The results of our MAID regime’s promotion of access to death as a benefit, and the trivialization of death as a harm to be protected against, are increasingly clear. Less than two years after the establishment of “track two″ MAID, providers had ended already the lives of close to 700 disabled people, most of whom likely had years of life left. With staggering increases in overall MAID deaths, there are growing concerns that inadequate social and mental health care, and a failure to provide housing supports, push people to request MAID. Adding mental illness as a basis for MAID will only increase the number of people exposed to higher risks of premature death.

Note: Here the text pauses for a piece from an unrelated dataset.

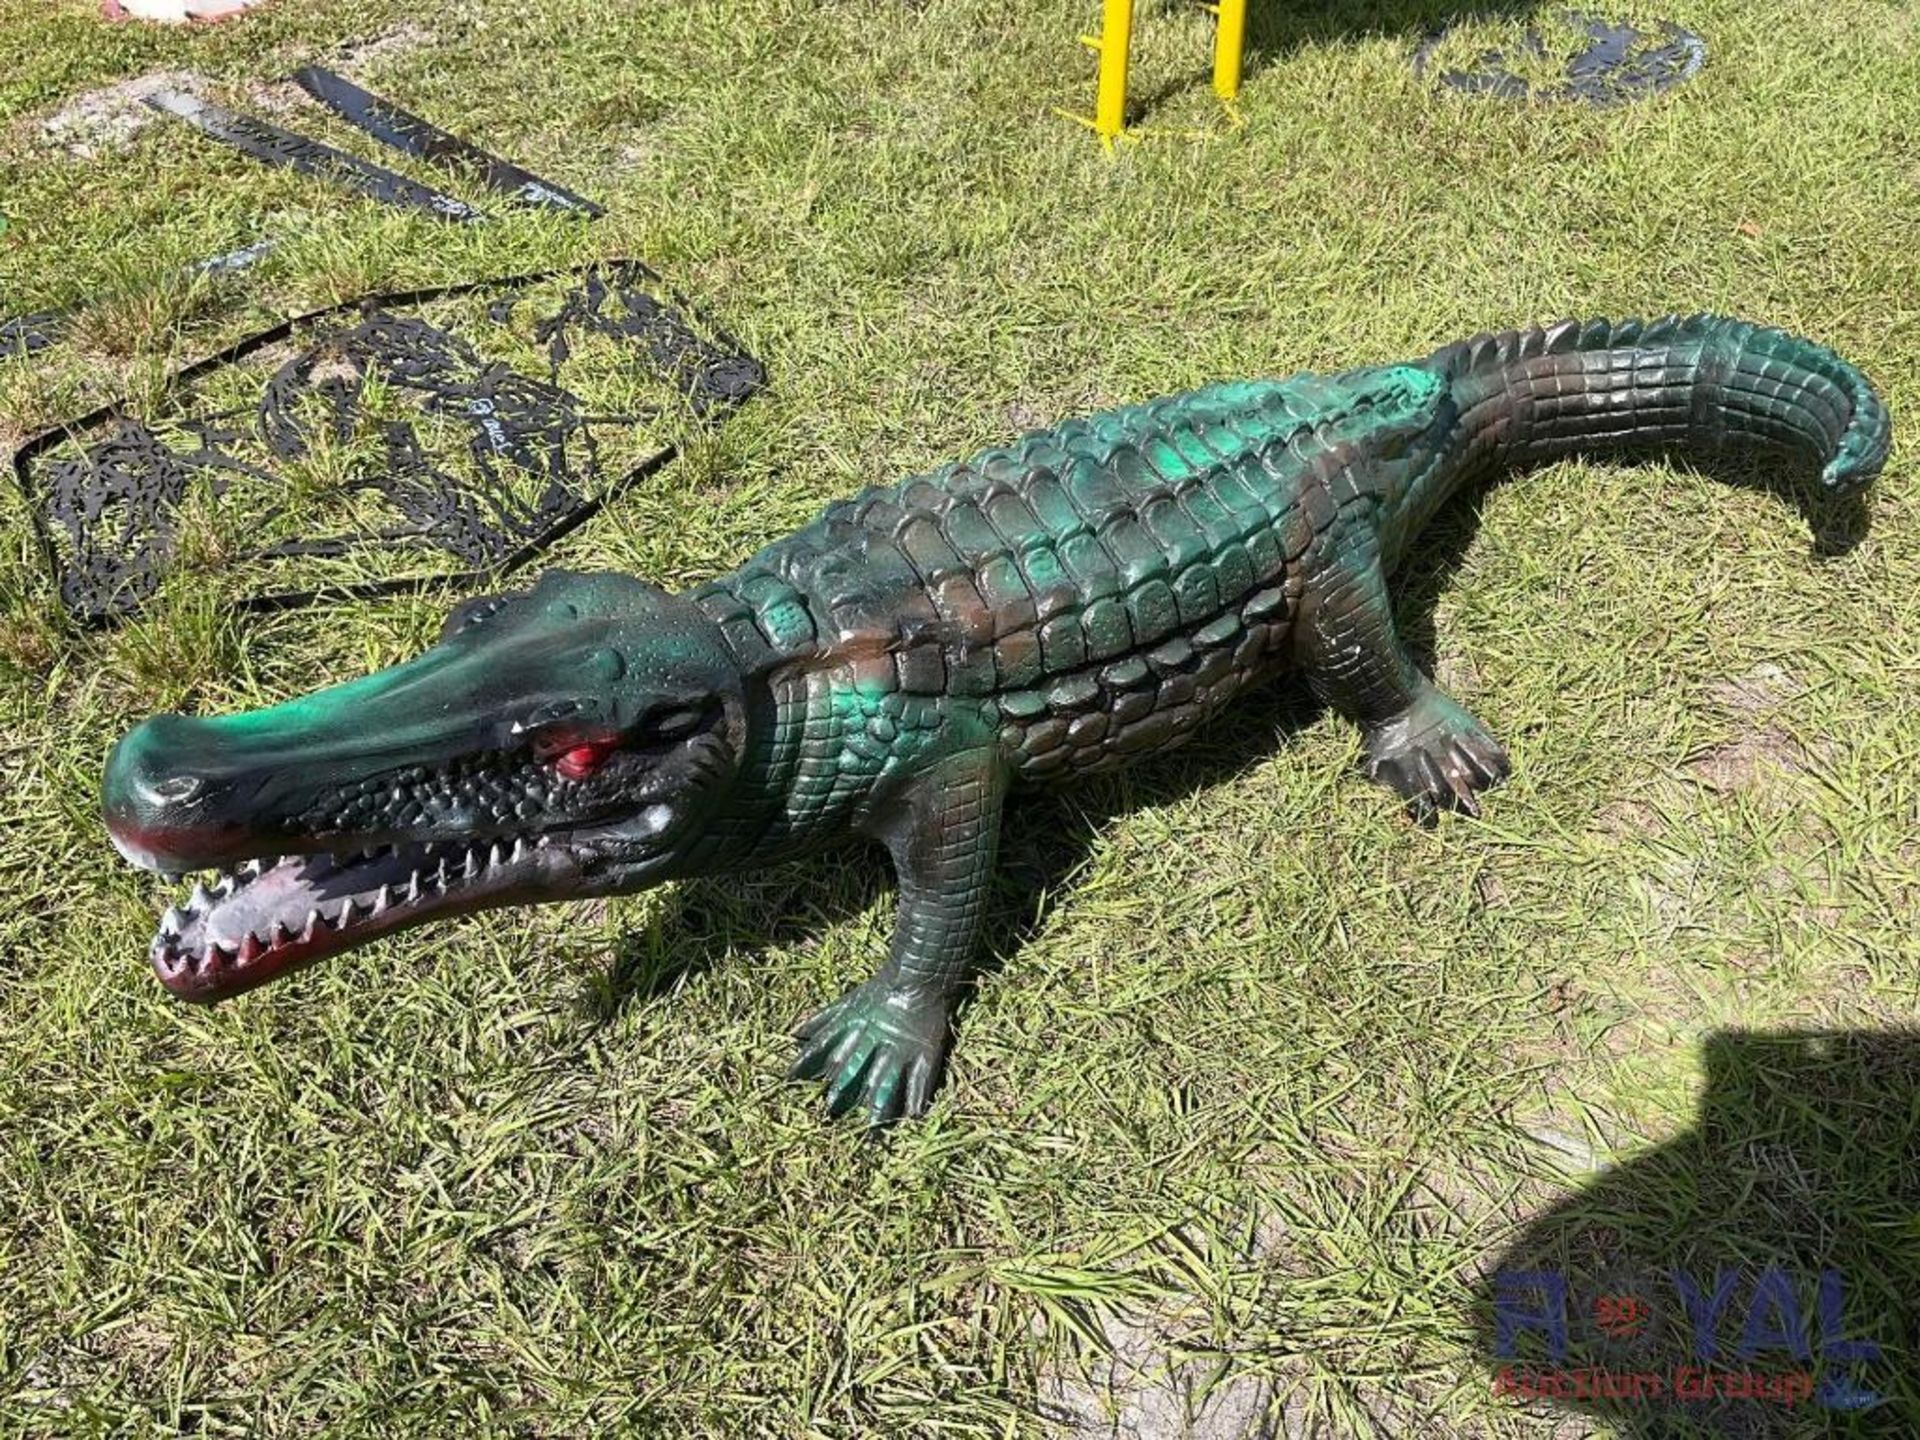 Alligator Figure

Some are now calling for the government to file a reference question to the Supreme Court – but this would be an ethical and legal contortion. The court would have to start from the premise that it is acceptable to expose other disabled persons to an increased risk of premature death by MAID, and then decide if persons with sole mental illness should be added to this group. Filing a reference now would starkly contrast with the government’s decision not to let the Supreme Court reconsider the Truchon decision in Quebec, which launched this expansion; if it had, it would have shown Parliament’s commitment to balancing access and equal protection of disabled persons, which the law’s initial focus on end-of-life reflected. Filing this reference would reaffirm a zeal to promote faster access to premature death.

Policy-makers now seem to at least acknowledge the issues with expanding MAID for mental illness. They should now also take seriously the mounting evidence of current risks for other disabled persons. Instead of filing a reference with a distorted premise, they should stop further expansion and muster the courage to take constitutional responsibility for law-making and address the MAID regime’s fundamental problems.